[SOLVED] Proxmox VMs and everything else greyed out

nekome

New Member
Jun 5, 2022
6
1
3
1658269357437.png

Has anyone had this happen before?

Linux pve 5.15.39-1-pve #1 SMP PVE 5.15.39-1 (Wed, 22 Jun 2022 17:22:00 +0200) x86_64

This happens after some use. I can ssh into VMs and they work fine but PVE UI is greyed out.
CPU usage is moving, but I cannot view VMs (only SSH).

I have to restart PVE to get it working fine but then it happens again.
 
Last edited:
I also have portainer, pfSense, truenas and pihole running on proxmox.
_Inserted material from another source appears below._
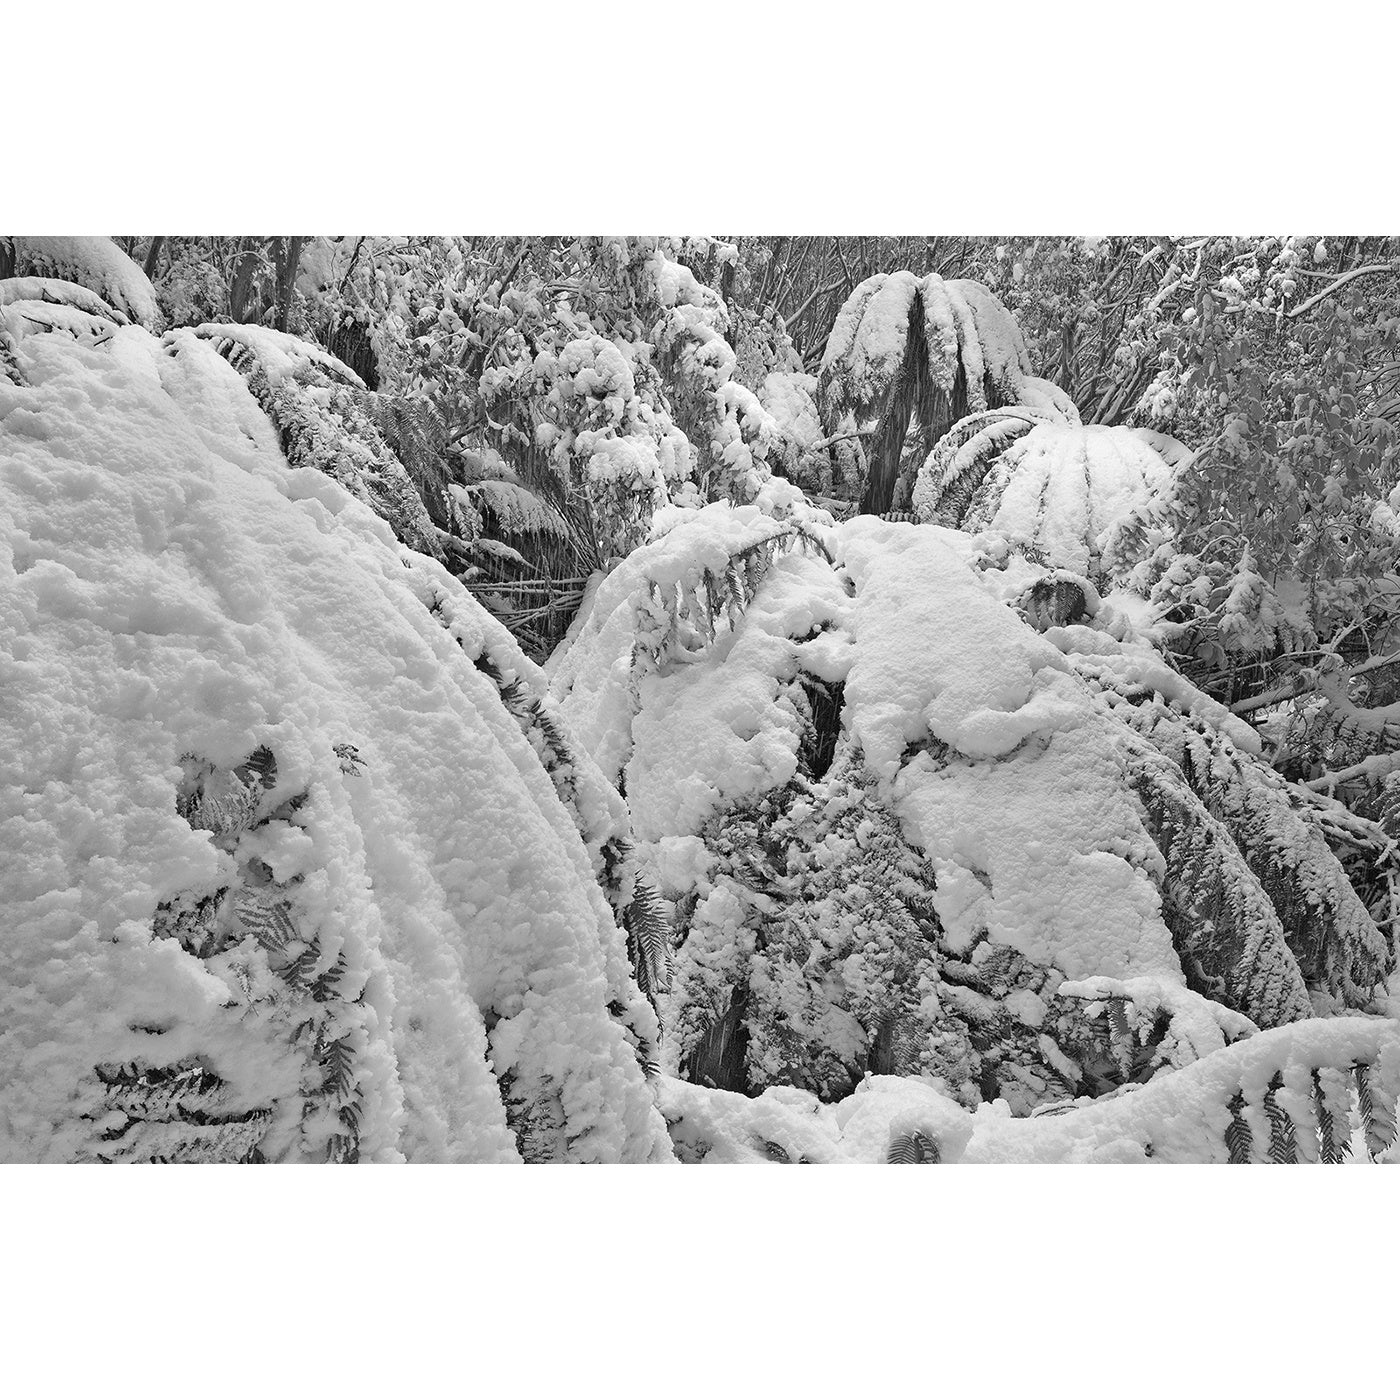 Chris Bell – Winter Snowfall on Man Ferns

Could those be causing issues or could there be a port collision?
 
Can you check if there are errors in the log of pvestatd: journalctl -u pvestatd.

Some anecdotal things I have heard is that one of your storages might not be available, something like a NFS or CIFS/samba.
 
Can you check if there are errors in the log of pvestatd: journalctl -u pvestatd.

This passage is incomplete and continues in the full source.